Dataset section
= Beginning of Section =

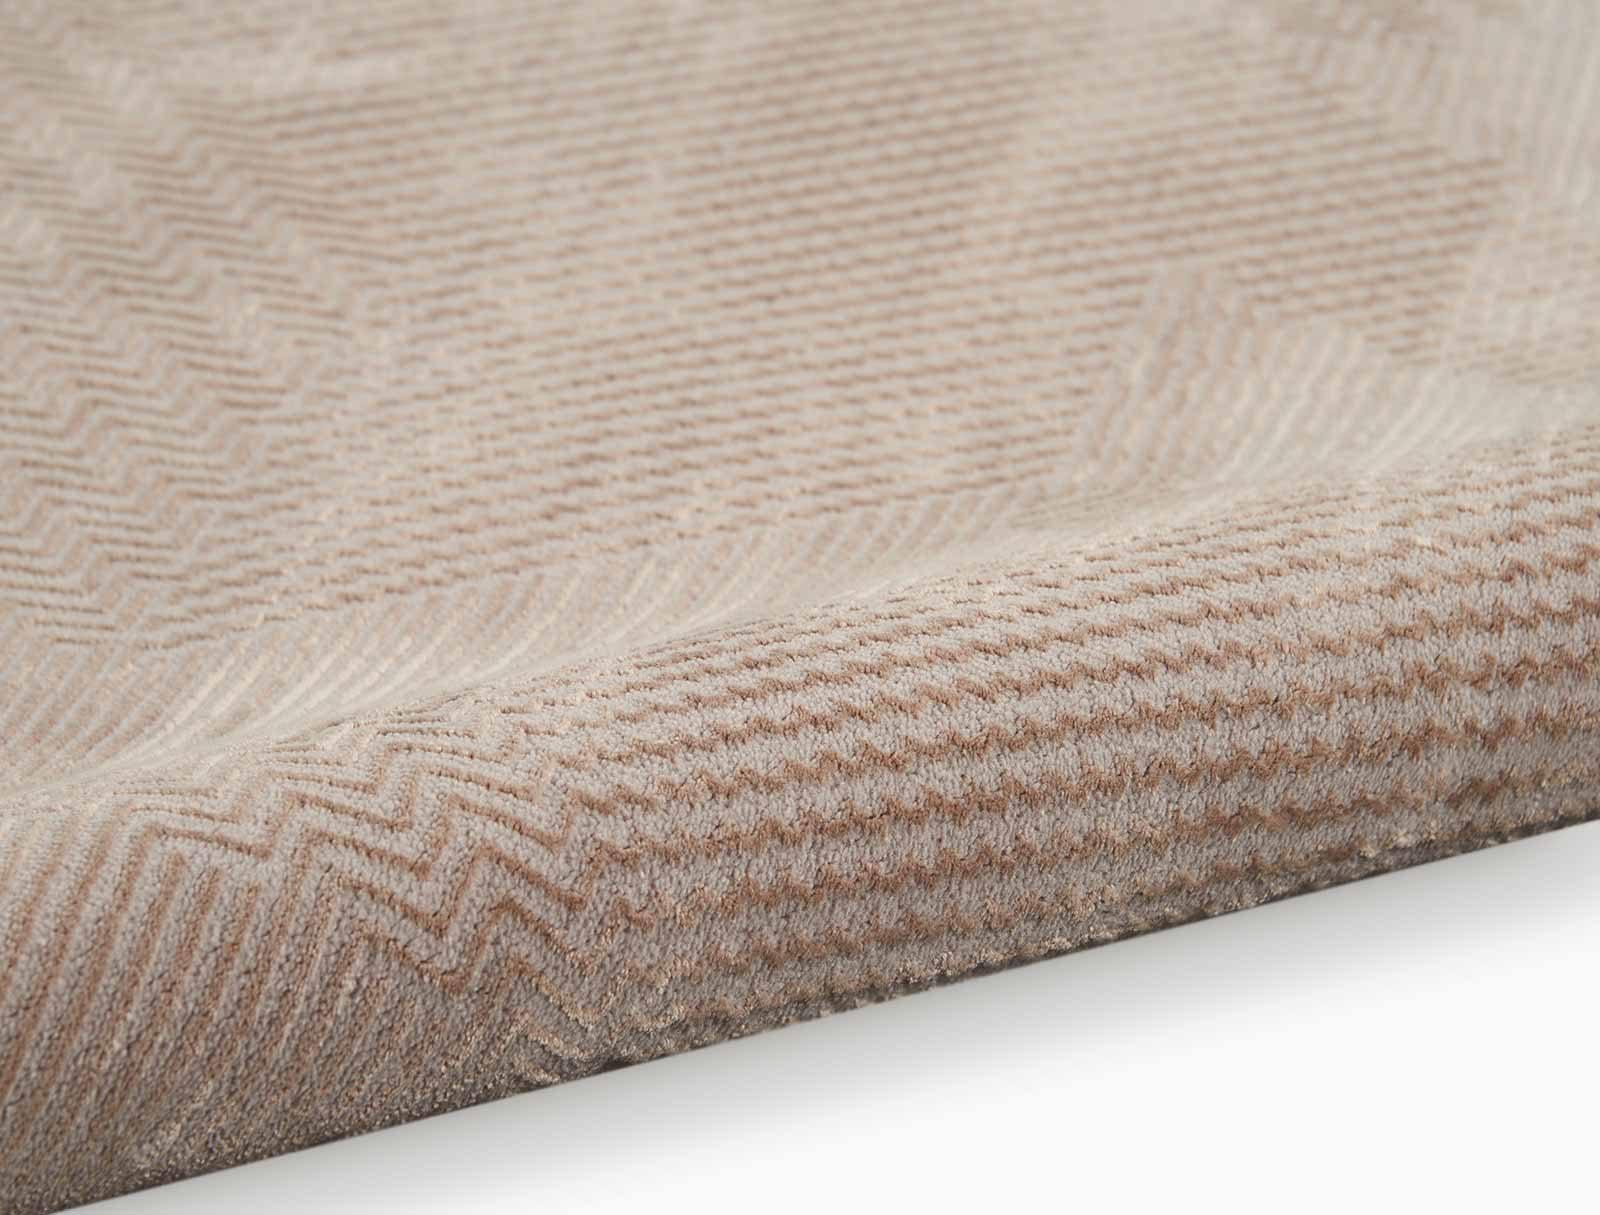 Calvin Klein rug Orlando CK850 CK852 GREY SAFFRON 5X7 099446488091 alt3 C
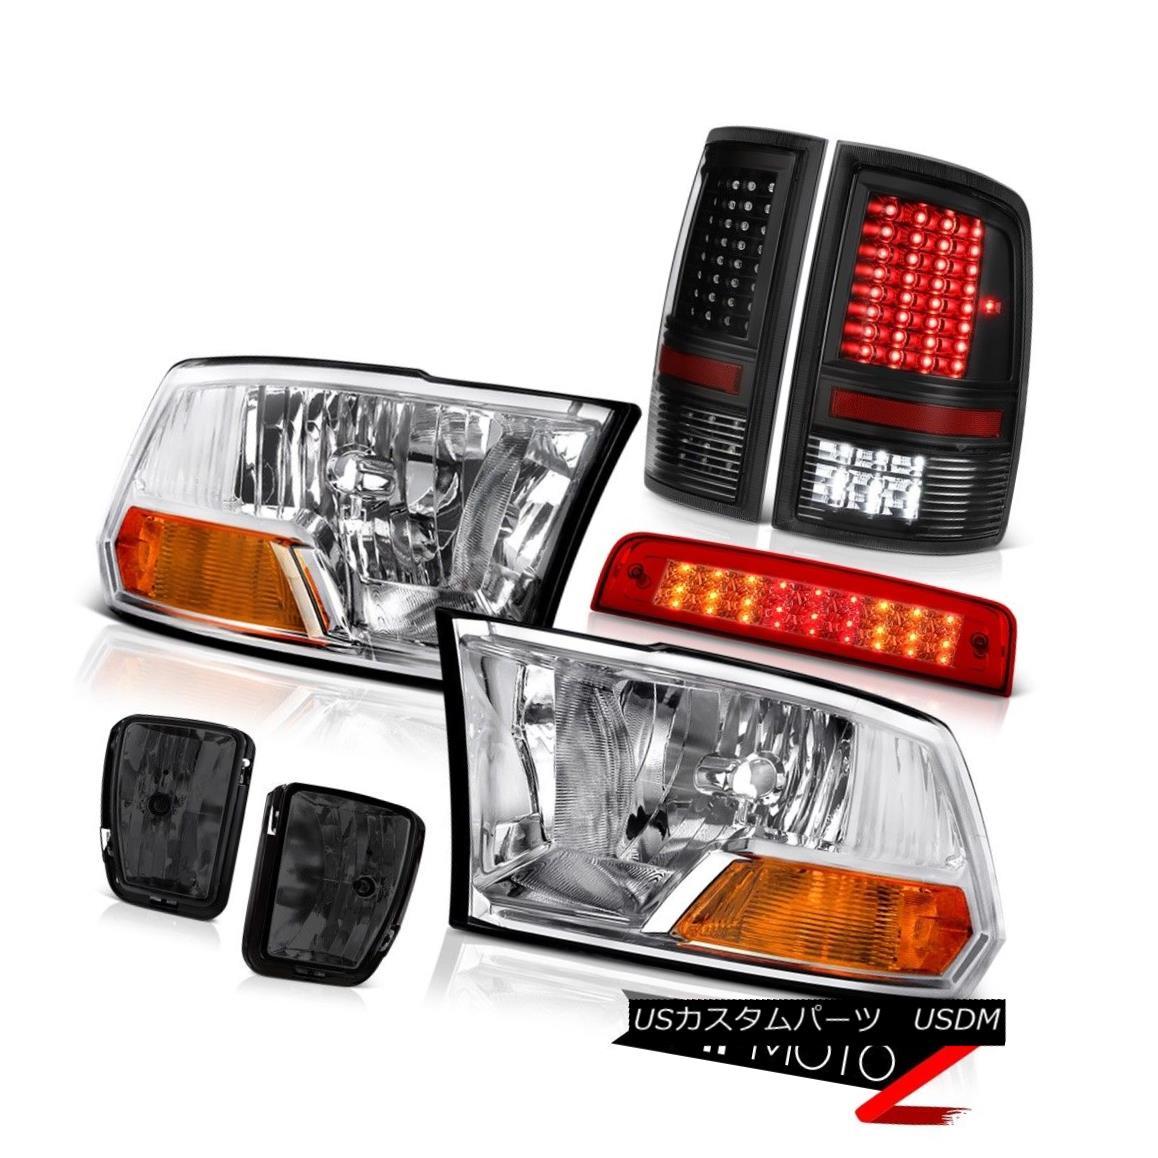 テールライト 13-18 Ram 1500 RT Third Brake Lamp Smoked Foglamps Tail Lamps Headlamps Assembly 13-18 Ram 1500 RT第3ブレーキランプスモークフォグランプテールランプヘッドランプアセンブリ
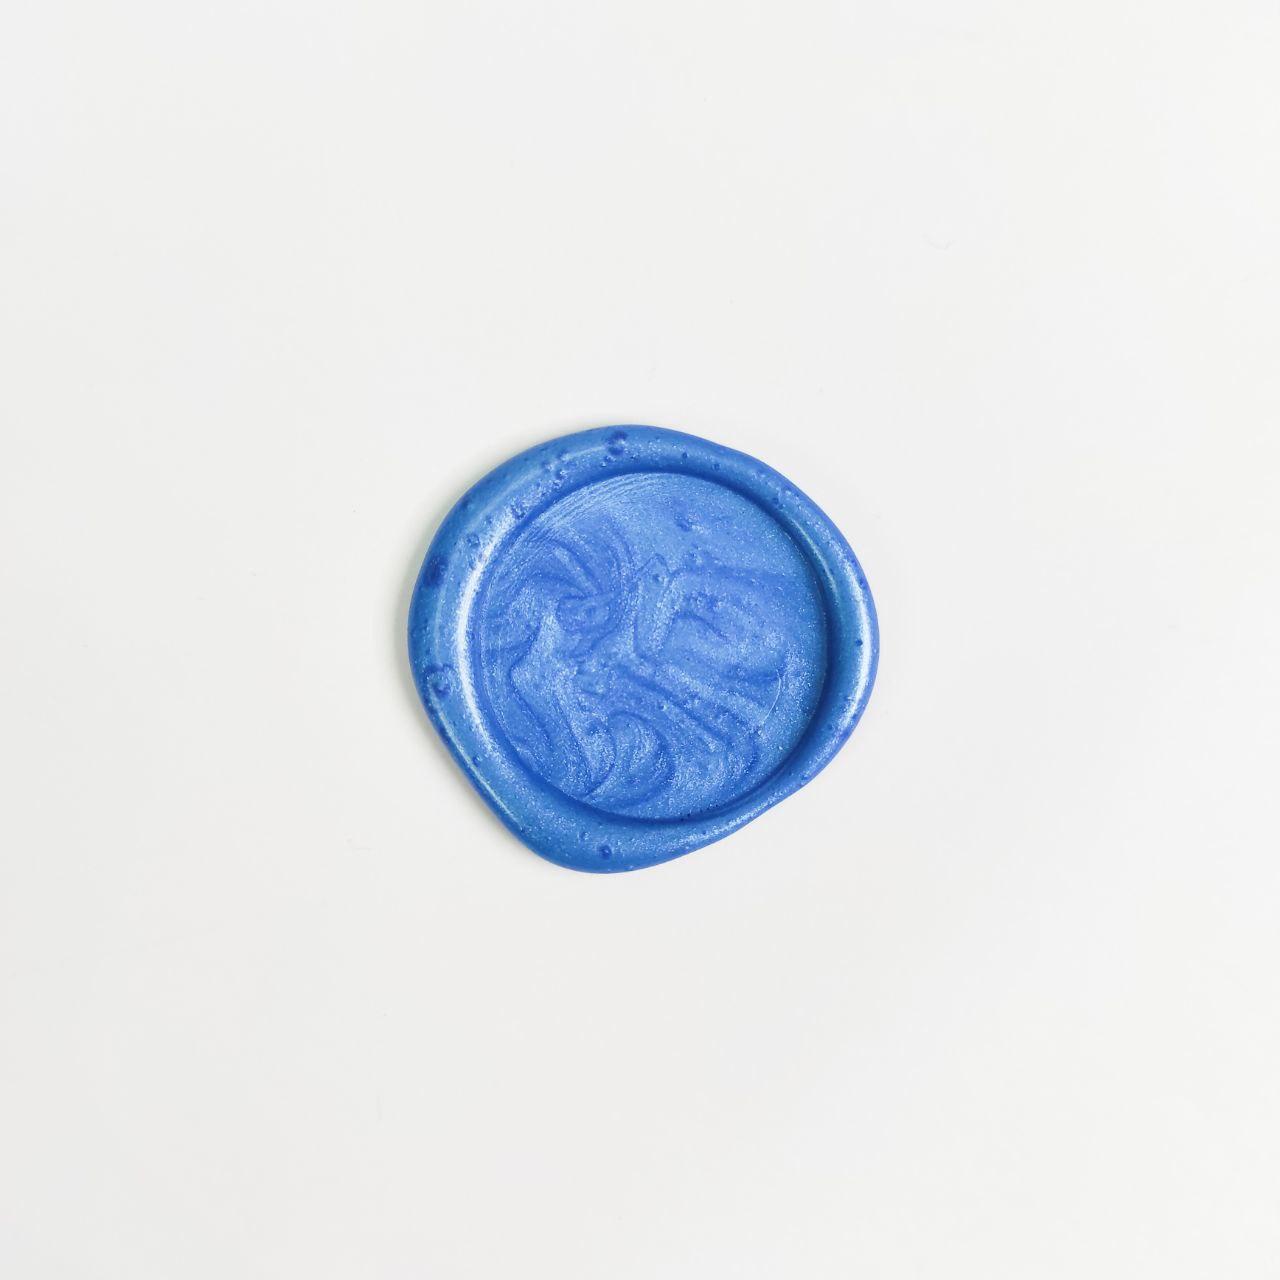 Декоративный сургуч. Цвет - Голубой.

= End of Section =

Aim of the exercise
Your output should be the lines from the one with "テールライト 13-18 Ram" through the end of the listing, copied exactly and with the pictures left out.

Finished task
 テールライト 13-18 Ram 1500 RT Third Brake Lamp Smoked Foglamps Tail Lamps Headlamps Assembly 13-18 Ram 1500 RT第3ブレーキランプスモークフォグランプテールランプヘッドランプアセンブリ
 Декоративный сургуч. Цвет - Голубой.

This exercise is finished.